One important change concerns the fines imposed on companies convicted for anti-competitive conduct. While the old law established a fine of between 1% and 30% of gross revenues, minus the taxes paid by the company in the year before the beginning of the investigation, the new law has changed the range of the fines to between 0.1% and 20% of the gross revenues of the company, economic group or conglomerate in the year before the start of the investigation, as well as limiting the basis for the calculation of the fines to the business segment in which the wrongdoing occurred. Therefore, under the new Competition Law, fines may no longer be calculated based on the company's total gross revenues, but rather on the revenues of the business segment in which the conduct occurred (in some cases this may match the turnover). It is still uncertain whether this change will result in more limited fines being imposed on companies, but everything indicates that this will be the trend. In fact, when deciding the Air Cargo case on August 28 2013, CADE applied the new Competition Law, arguing that it was more beneficial for the defendants.
For individuals, the range of fines also changed, from 10% to 50% of the amount applied to the company (according to the former Antitrust Law) to 1% to 20%. The new law also expanded the list of alternative penalties for individuals, including the possibility of a prohibition on trading on his or her own behalf or as a representative of a legal entity for a period of up to five years.

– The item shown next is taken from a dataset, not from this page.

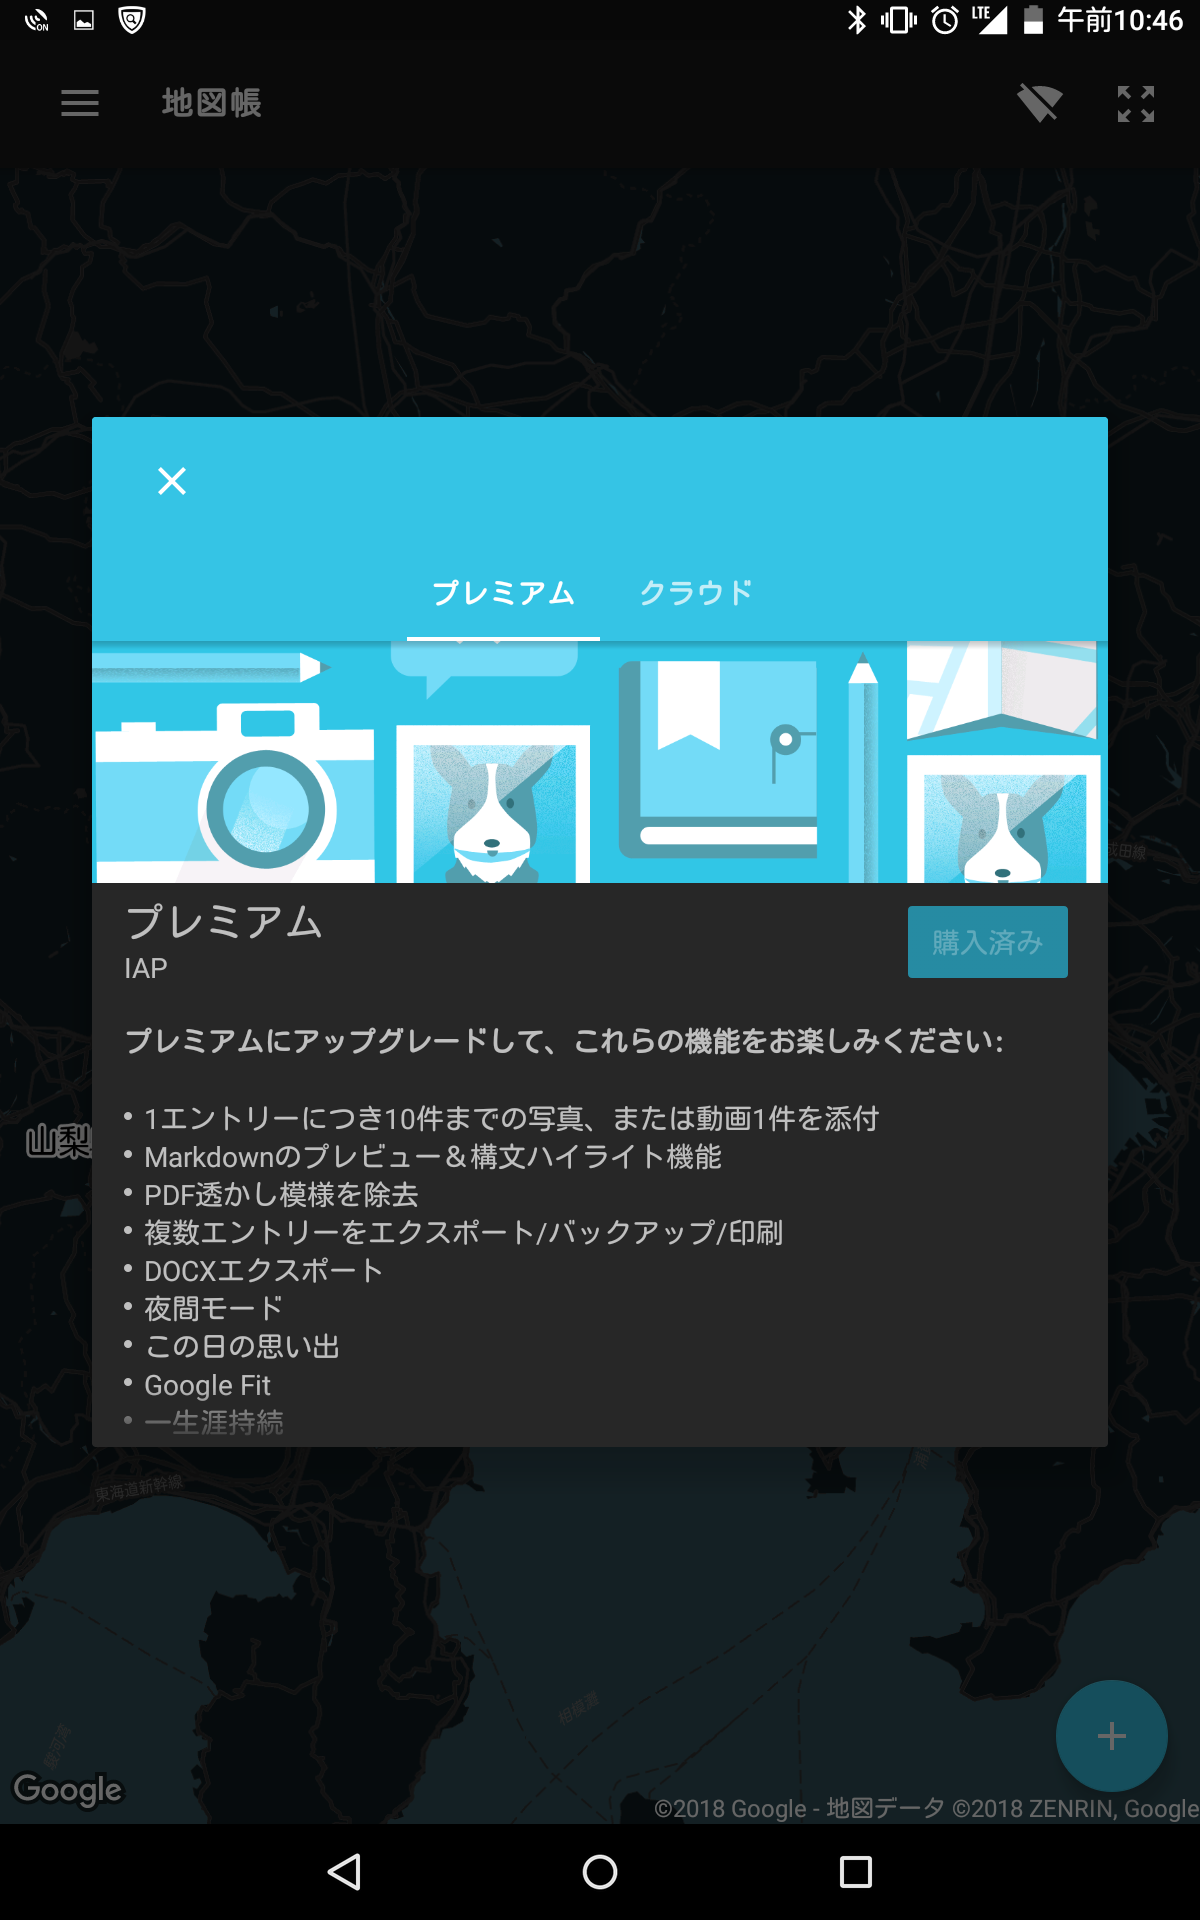 Screenshot_2018-04-17-10-46-04.png

Operating a cartel is both an administrative infringement and a crime under Brazilian law; the new law introduces an important change in the criminal provision of this anti-competitive practice. Before the enactment of the new law, Article 4 of Law 8.137/1990 provided that the penalty for crimes against economic order was imprisonment for two to five years or the payment of a fine. The new law eliminates the possibility of alternative penalties. Individuals investigated for cartel crimes are now subject to two to five years' imprisonment and the payment of a fine. As a consequence, individuals investigated for crimes against economic order (eg, a cartel) no longer have the possibility to terminate criminal proceedings by paying an administrative fine to CADE.
The new Competition Law did not make significant changes to the procedures for signing leniency and settlement agreements – these are both still subject to further discussions and regulation by CADE in order to improve the reliability, certainty and clearness of these tools in the enforcement of cartel investigations.
The new Competition Law introduced relevant changes which affect the business environment for companies doing business in Brazil. CADE should be praised for reviewing fast-track cases within short timeframes, even with considerably limited resources. Although there is still room for improvement, the enactment of the new Competition Law was a key step in the development and enforcement of antitrust policy in Brazil.
For further information on this topic please contact Barbara Rosenberg or Jose Carlos da Matta Berardo at Barbosa, Müssnich & Aragão Advogados by telephone (+55 11 2179 4600), fax (+55 11 2179 4597) or email (email@example.com or firstname.lastname@example.org).
(1) The concepts of a group of companies and control are particularly important in this context for the calculation of the applicable turnover thresholds rules. CADE substantially expanded these concepts – in contrast with those adopted by Law 8.884/1994 – with the issuance of new regulations.